**EXERCISE**
The copy should hold exactly the lines below from the one that contains "Elson Associates - Leaders, Laggards, Losers" through the one that contains "MeowBaby® Montessori slide" and nothing else, so no pictures.

**INFORMATION SHOWN**
Start of Block

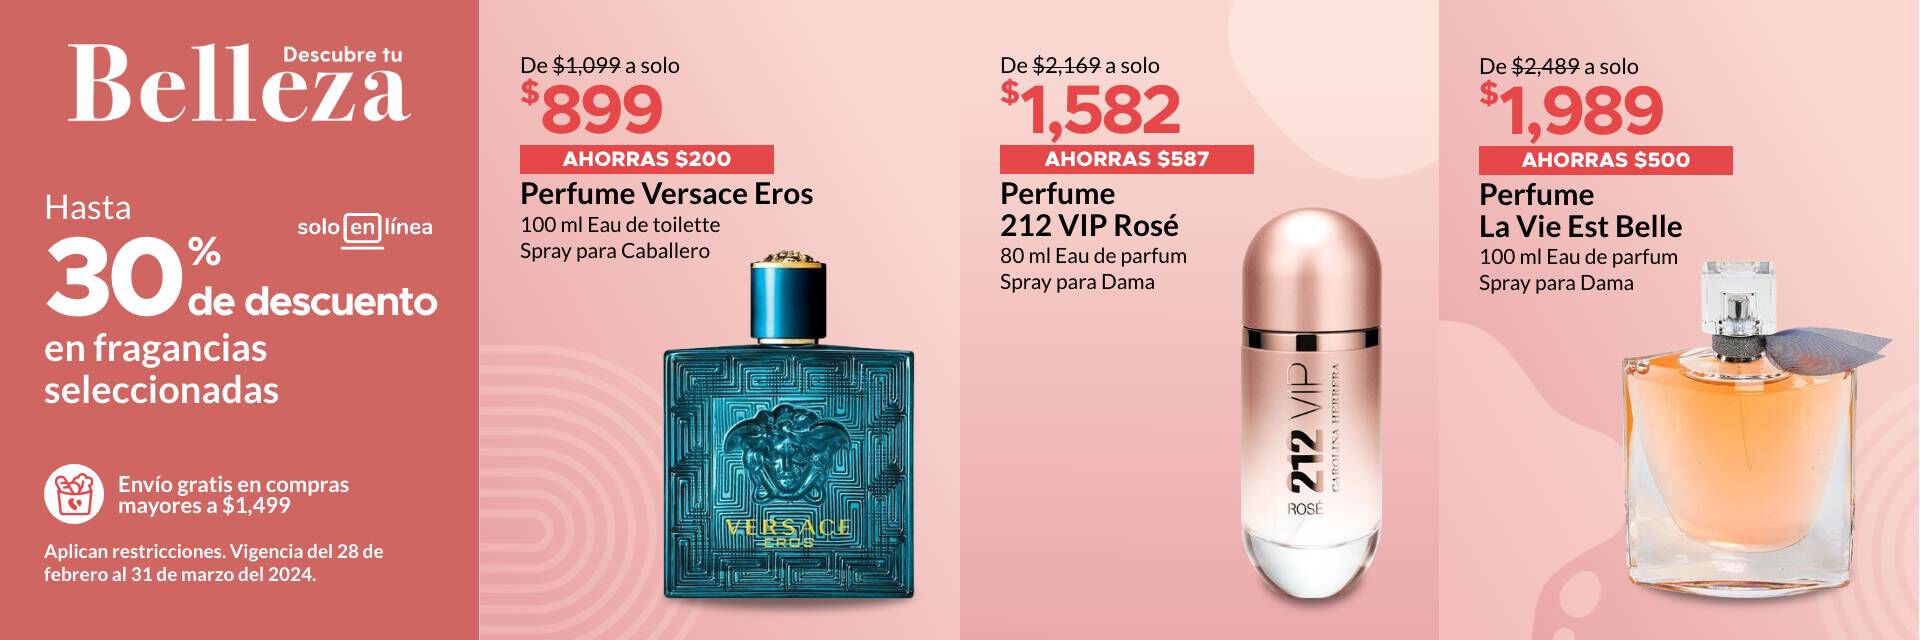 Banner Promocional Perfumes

End of Block
Start of Block

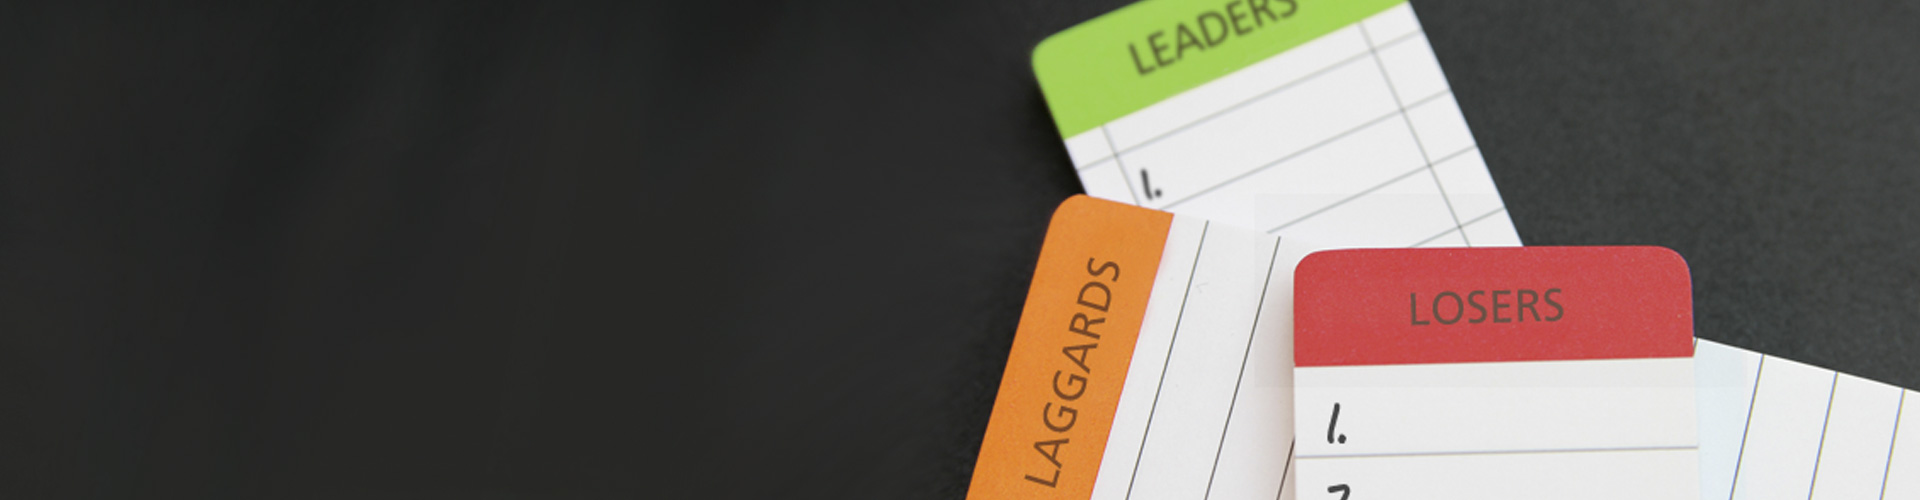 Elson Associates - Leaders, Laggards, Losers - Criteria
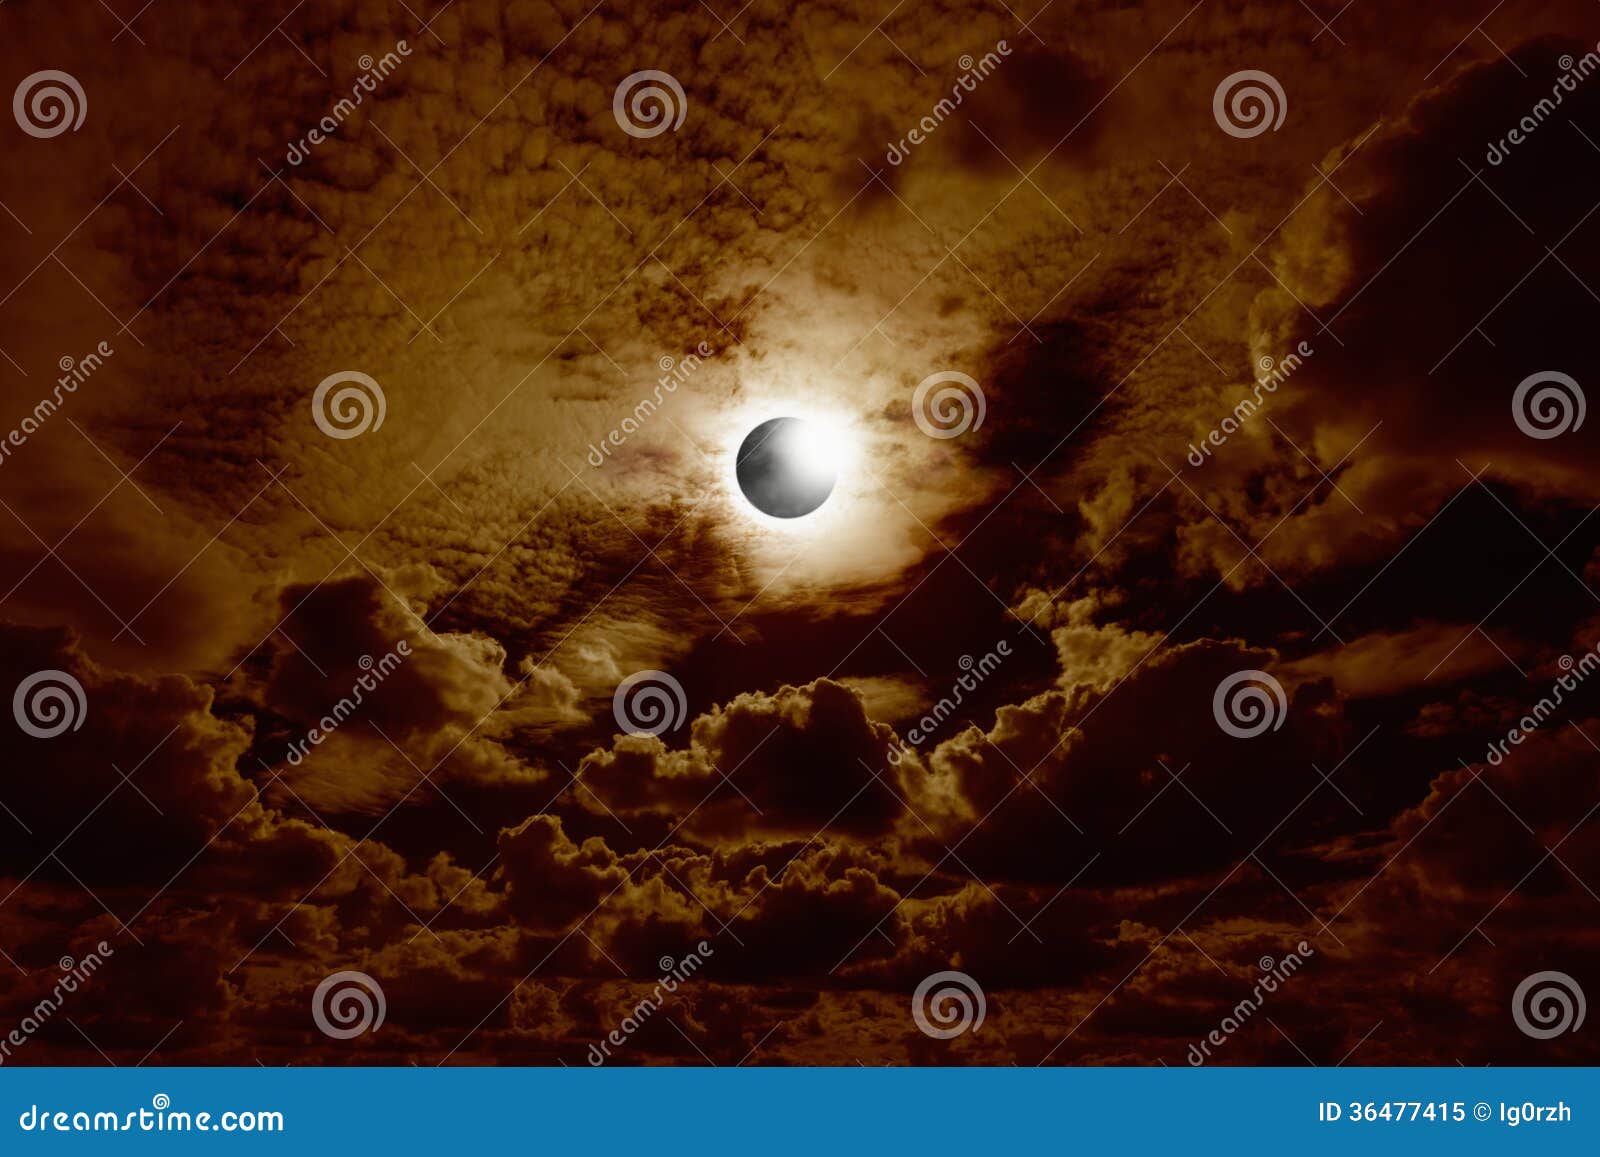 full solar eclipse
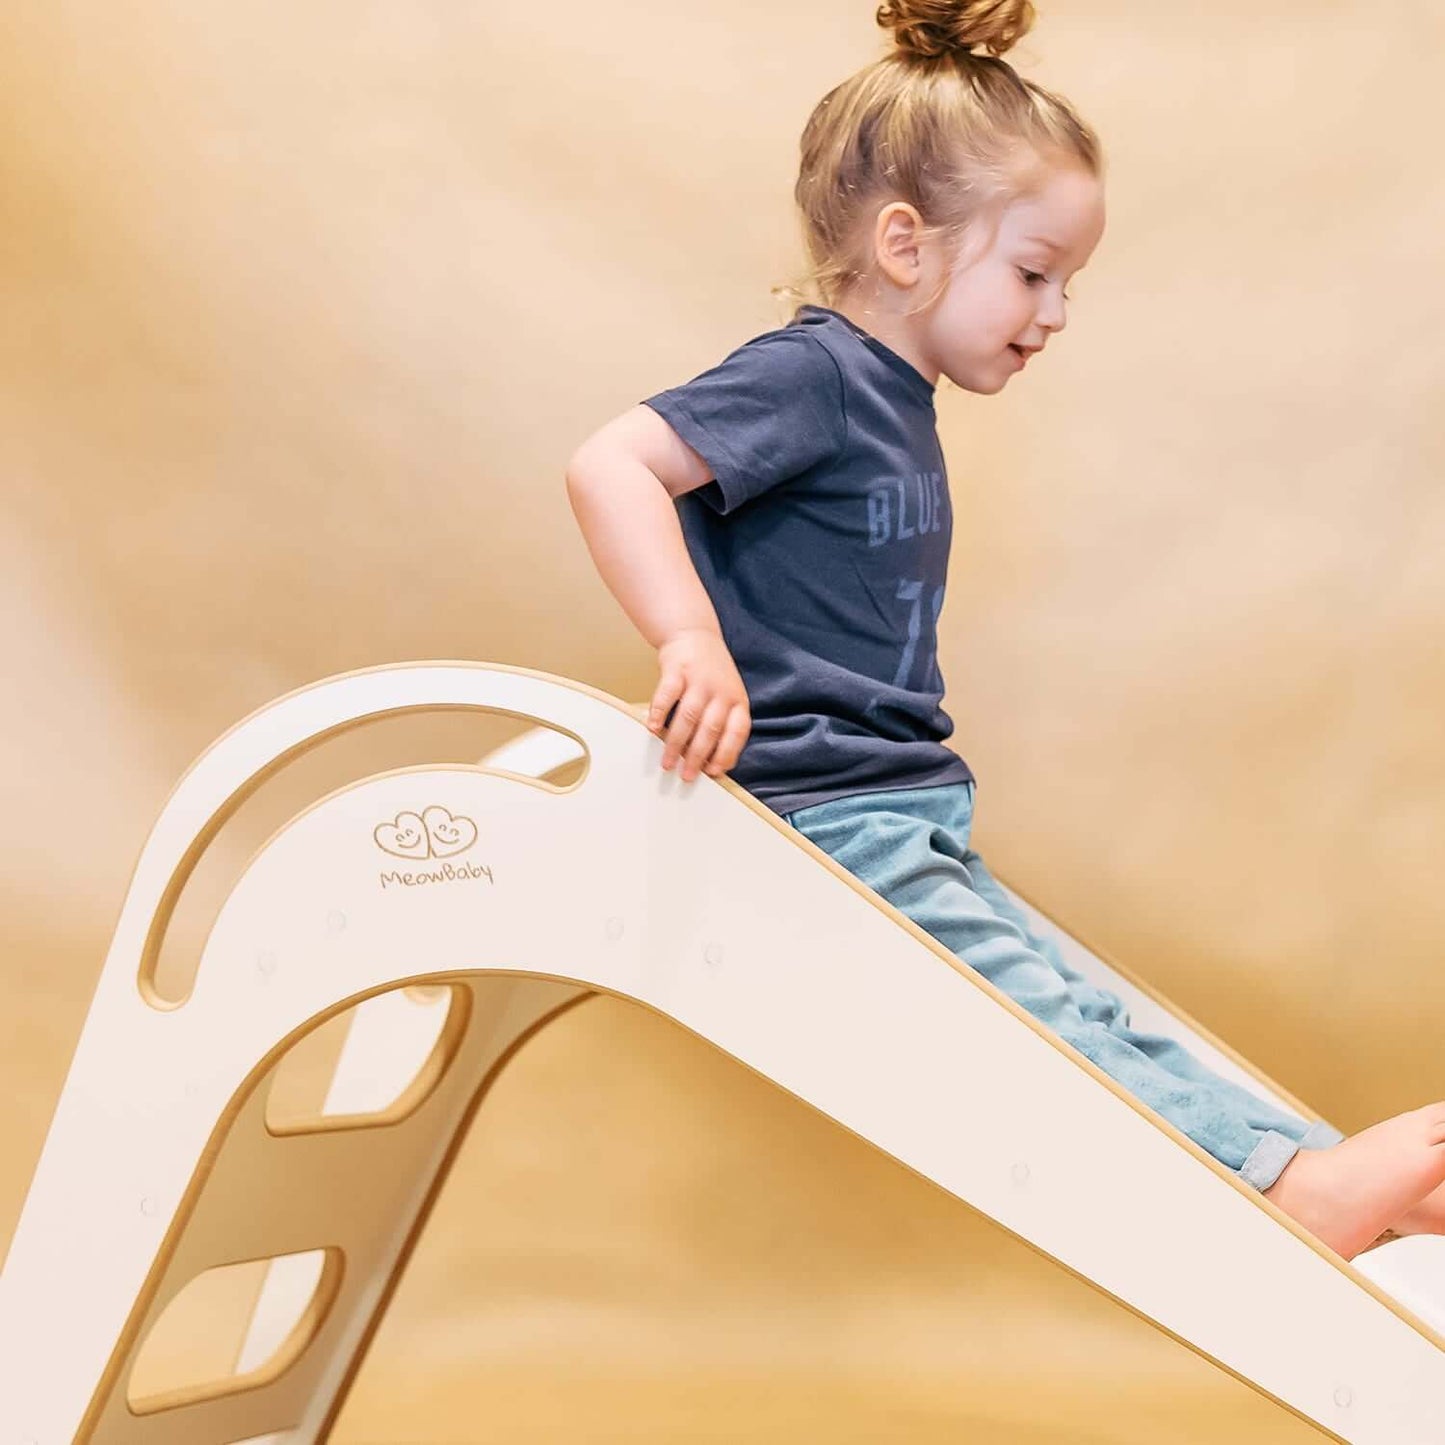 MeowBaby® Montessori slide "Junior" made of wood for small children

End of Block
Start of Block

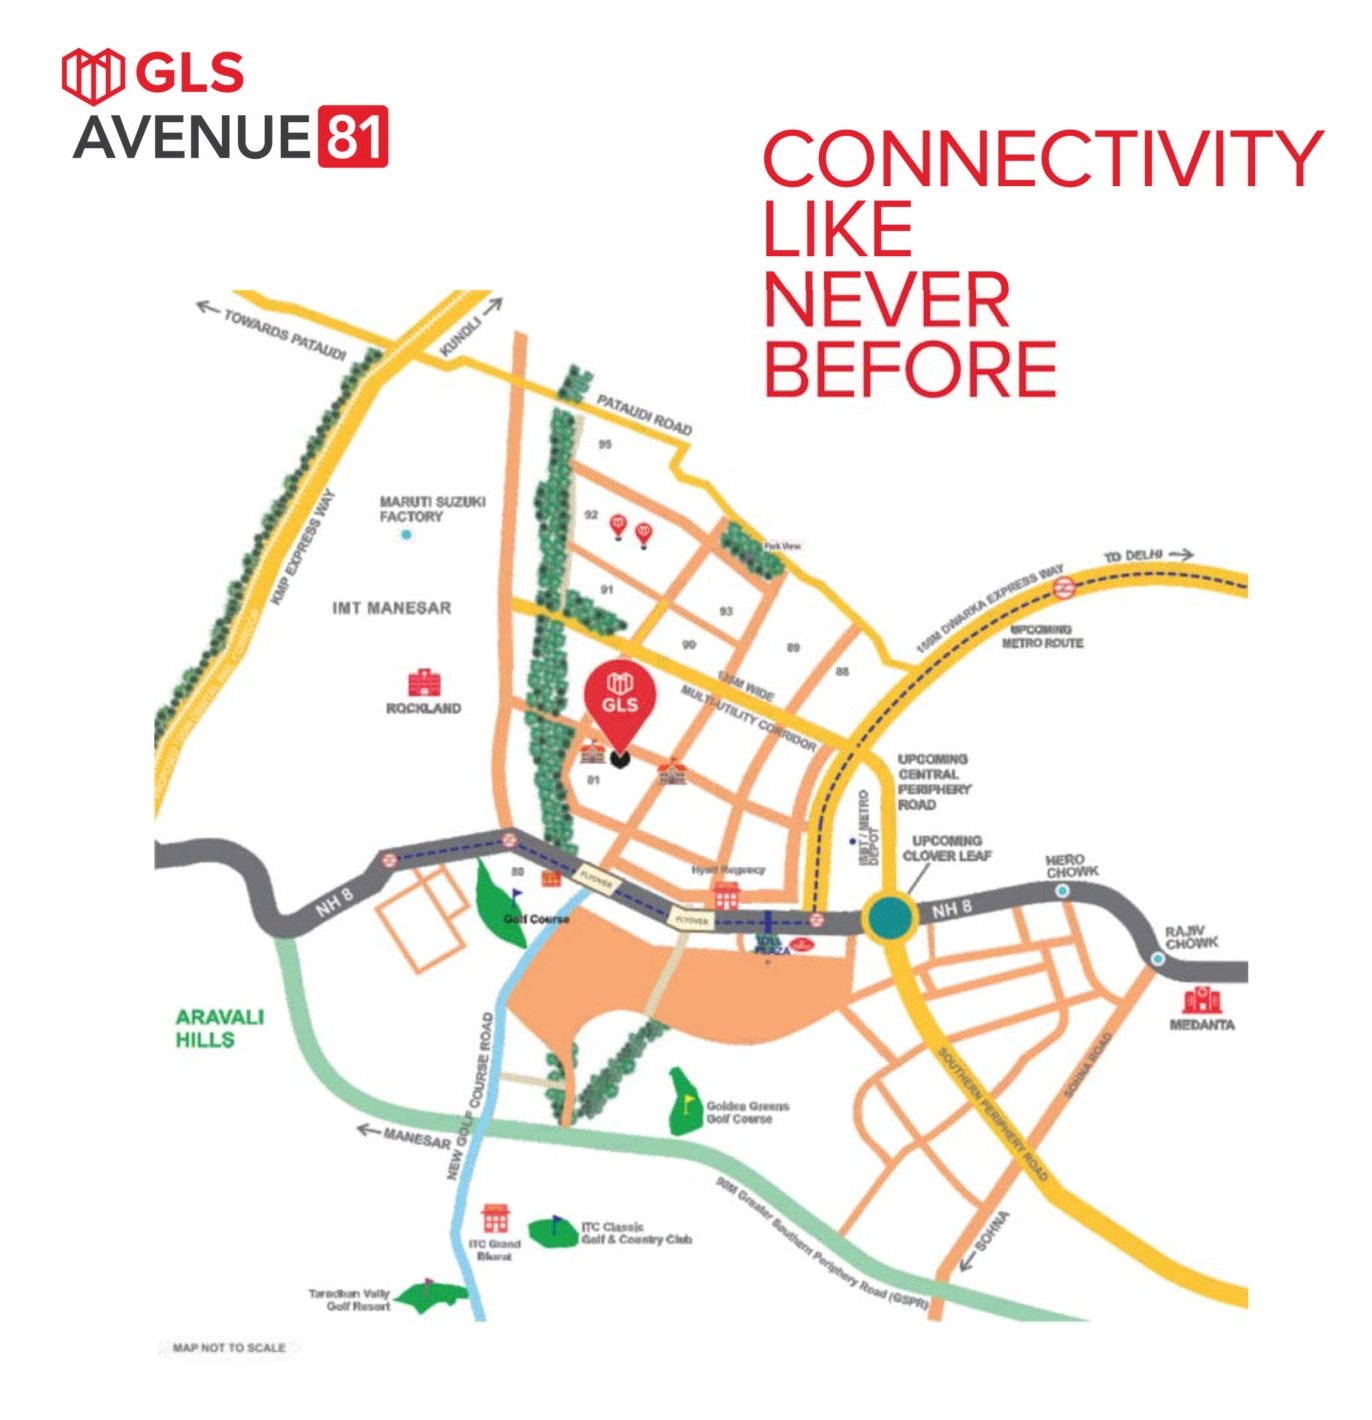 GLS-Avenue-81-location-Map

End of Block

**SOLVED PROBLEM**
 Elson Associates - Leaders, Laggards, Losers - Criteria
 full solar eclipse
 MeowBaby® Montessori slide "Junior" made of wood for small children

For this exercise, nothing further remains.